The Curtiss Flying School was started by Glenn Curtiss to compete against the Wright Flying School of the Wright brothers. The first example was located in San Diego, California.

The Wright brothers had a keen interest in their competition, sending the lesser known Lorin Wright to spy and take photographs at the New York facility for a 1914 lawsuit.

Curtiss started the Atlantic Coast Aeronautical Station on a 20-acre tract east of Newport News (VA) Boat Harbor in the Fall of 1915 with Captain Thomas Scott Baldwin as head. Many civilian students, including Canadians, later became World War I flyers. Victor Carlstrom, Vernon Castle, Eddie Stinson and Gen Billy Mitchell trained here. The school was disbanded in 1922.

Students would work toward completing the Aero Club of America pilot's license.
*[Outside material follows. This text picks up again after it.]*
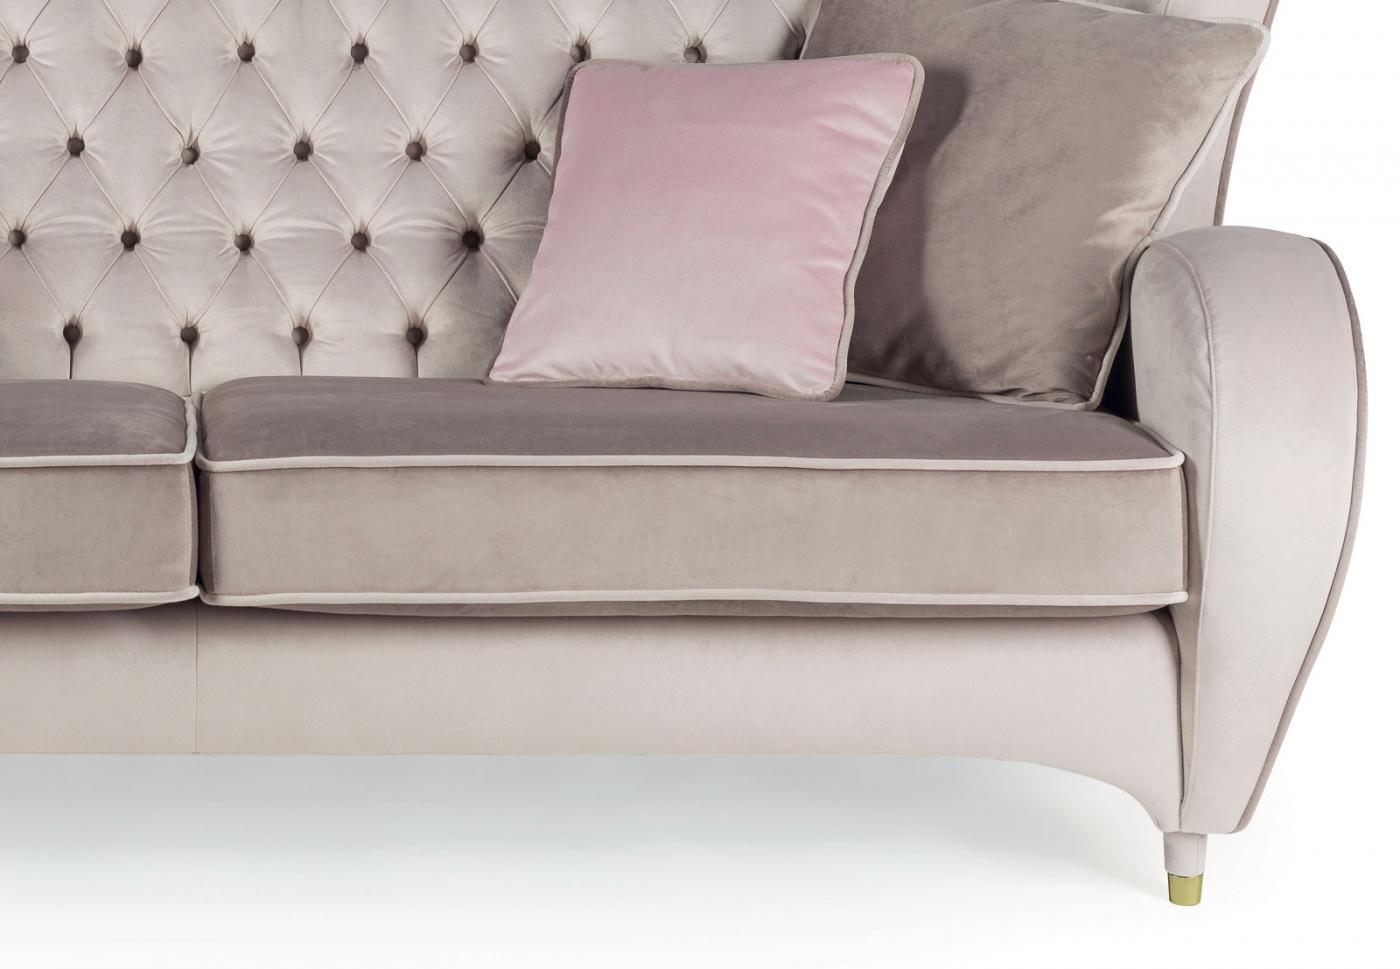 Top per divani e poltrone pro e contro di tessuto velluto pelle ed ecopelle with stoffe per divani - Foderare cuscino divano ...

The initial cost was one dollar a minute for the four-hundred-minute course ($8,600 in 2010 dollars). In 1917 the U.S. Army took over operations during World War I. After the war, control reverted to Curtiss, who closed Newport operations in 1922.
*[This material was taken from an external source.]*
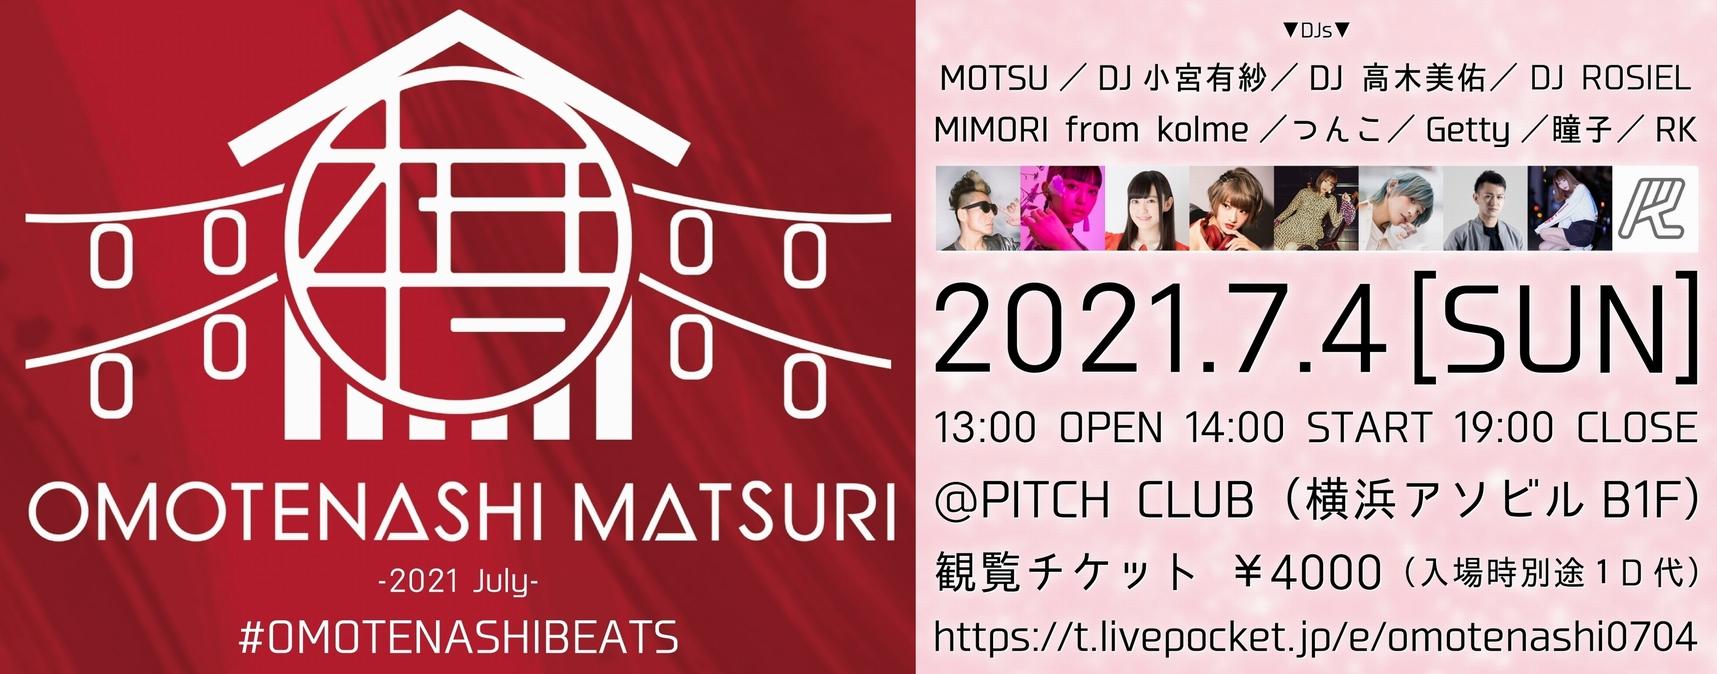 OMOTENASHI MATSURI -2021 July.-

A large variety of aircraft were used for training, mostly designed and built by Curtiss, and still undergoing flight testing. Among the fleet included the first aircraft to take off from water.
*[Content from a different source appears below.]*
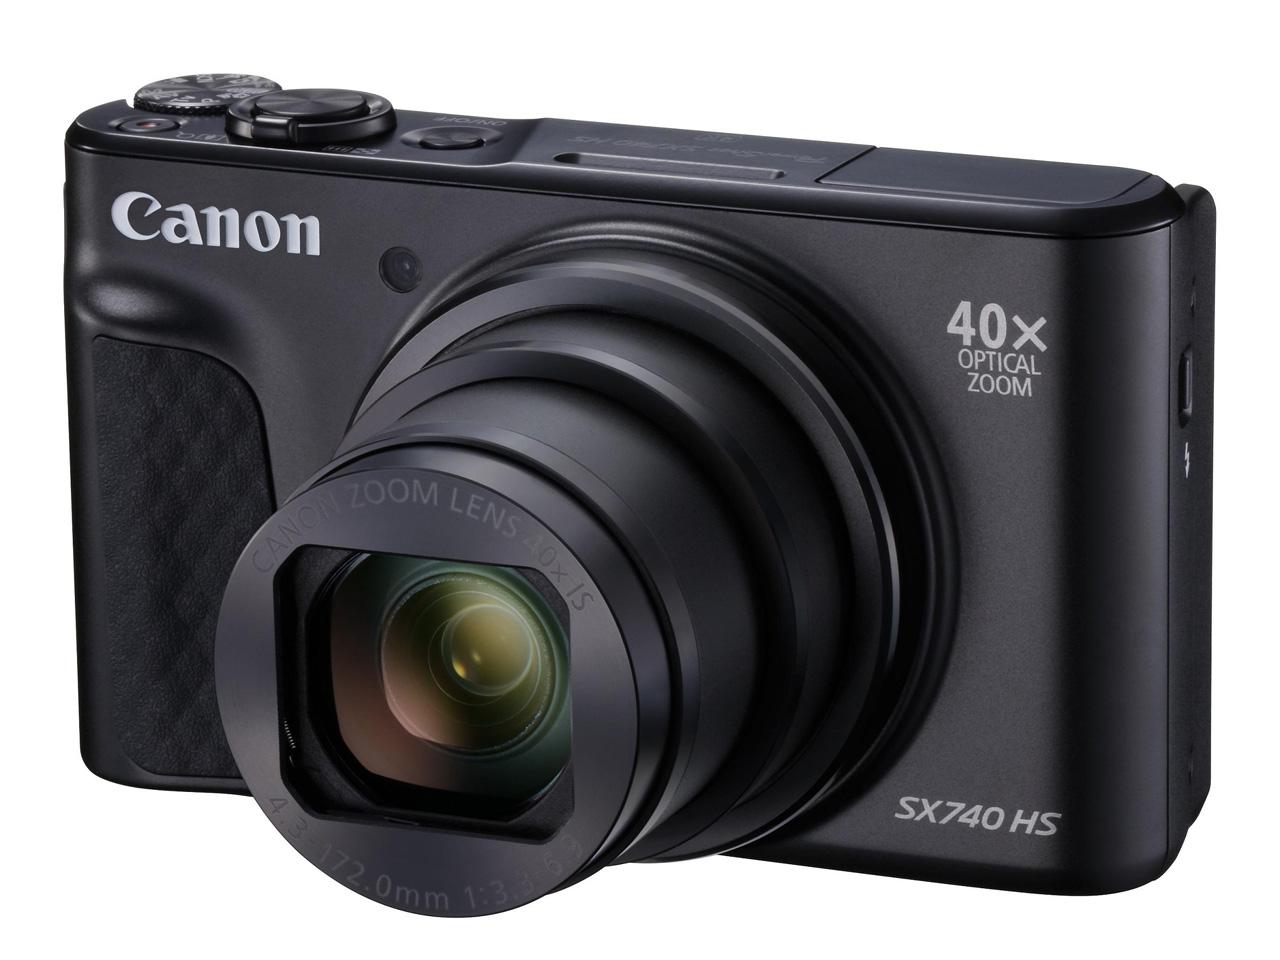 キヤノン PowerShot SX740 HS ブラック

By 1929, the Aeronautical Chamber of Commerce took over licensing of aviation schools. Curtiss schools were registered and required to give two weeks of ground school instruction to new pilots.

==Locations==
- 1910 San Diego, California. Training in the Curtiss Model D.
- 1912 Miami, Florida. Two 200 foot by 800 foot airstrips were provided by the city, with funding to ship in four training aircraft. This was the first flying service school, which eventually was donated to a Naval Air Base
- 1913 Hammondsport, New York
- 1915 Toronto, Ontario, Canada Long Branch Aerodrome, Training in the Curtiss JN-3.
- 1915 Newport News, Virginia Harbor. Site of training for the Canadian Royal Flying Corps. Disbanded in 1922.
- 1918 Camp Claudio, Parañaque, Philippine Islands. Training site of the Philippine Air Service and the Philippine Constabulary Air Corps, which were the forerunners of the Philippine Army Air Corps and Philippine Air Force.
- 1929 Stratford, Connecticut Shortly afterward became Curtiss-Wright Flying School. The historic Curtis Hangar still stands. Howard Hughes and Charles Lindbergh once frequented the hangar. Amelia Earhart kept a plane there. It was home to the prototype for the Vought F4U Corsair Lindbergh was a Corsair test pilot.

==Instructors==
The following were instructors in 1915:
- Walter Edwin Lees
- Victor Carlstrom
- Victor Vernon
- Jimmy Johnson (aviator)
- Carl Batts
- Steve MacGordon
- Ted Hequemburg
- Lawrence Leon
- Bertrand Blanchard Acosta
- Andrew Cogswell

==Students==
- Agustín Parlá Orduña (1877-1946) in 1912.
- Fred Banbury (1893-1918) in 1916.
- Lincoln Beachey (1887–1915) in 1910.
- Joseph Bennett (aviator).
- Morris Maxey Titterington (1891–1928) in 1914.
- Harold Frederick Pitcairn (1891-1960) in 1916.
- Arthur Whealy (1895-1945) in 1916.